Efficacy and safety of ombitasvir/paritaprevir/ritonavir in dialysis patients with genotype 1b chronic hepatitis C

2017 
Aim From a pharmacokinetic viewpoint, ombitasvir/paritaprevir/ritonavir, one of the standards of care for genotype 1b chronic hepatitis C in Japan, could be possible in patients with impaired renal function. The aim of this study was to assess the efficacy and safety that have not yet been addressed in patients undergoing dialysis. Methods A retrospective, multicenter study evaluated the outcome of 12-week ombitasvir (NS5A inhibitor)/paritaprevir (NS3/4A protease inhibitor)/ritonavir combination therapy for dialysis patients. The primary endpoint was sustained virologic response 12 weeks after therapy (SVR12). Results The subjects were 31 patients aged 63 years (range, 49–85 years) including 10 cirrhotic patients. All of the 31 patients had an estimated glomerular filtration rate level <15 mL/min/1.73 m2, defined as end-stage renal disease (ESRD).

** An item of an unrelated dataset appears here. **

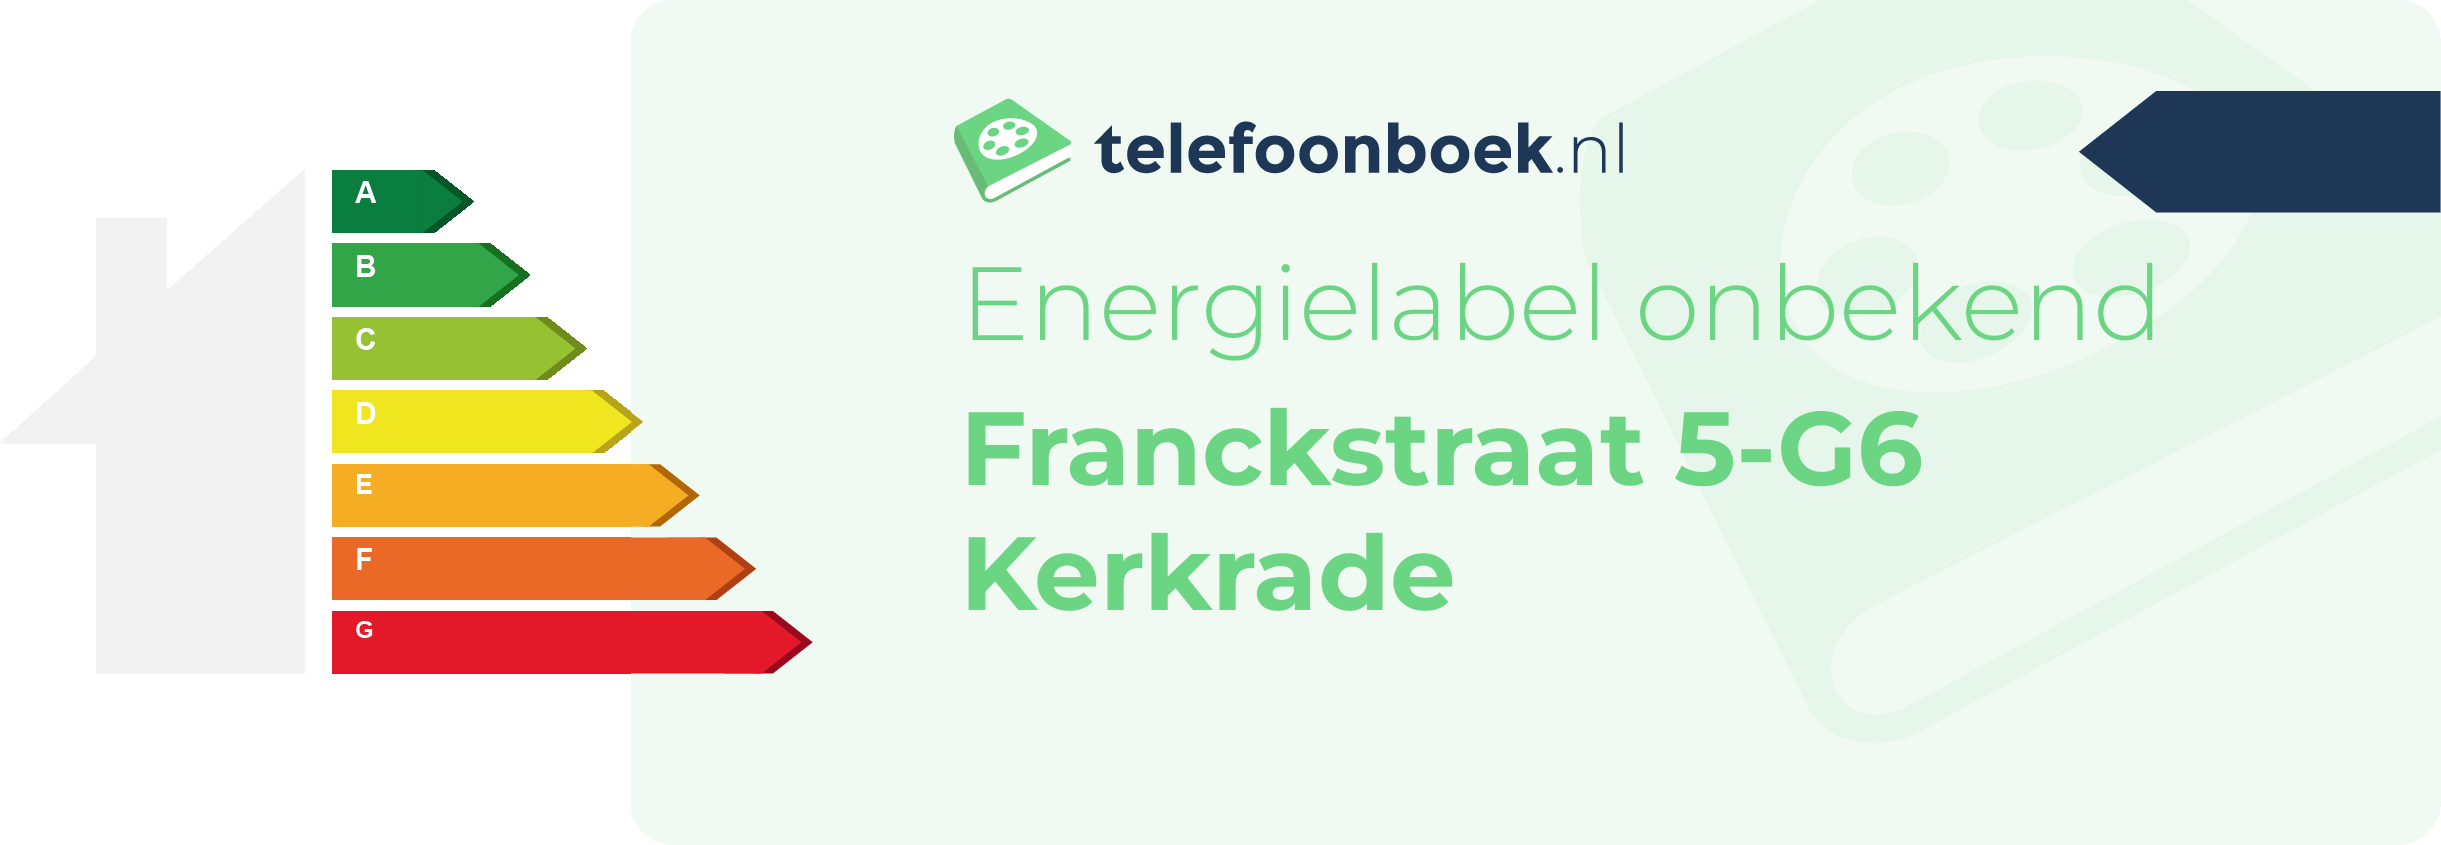 Energielabel Franckstraat 5-G6 Kerkrade

Preexisting resistance-associated substitutions at position L31 and Y93 of the NS5A region were detected in 0% and 3.6% (1/28), respectively. The rates of rapid virologic response, end of treatment response, and SVR12 were 93.5% (29/31), 100% (31/31), and 96.8% (30/31), respectively. The incidence of adverse events was 35.5% (11/31). Of the 11 patients, one discontinued the treatment due to erythema multiforme and thereafter relapsed. The most frequent adverse event was pruritus (6.5%; 2/31). Conclusions The present study suggests that ombitasvir/paritaprevir/ritonavir combination therapy is effective and safe for genotype 1b chronic hepatitis C patients undergoing dialysis due to ESRD.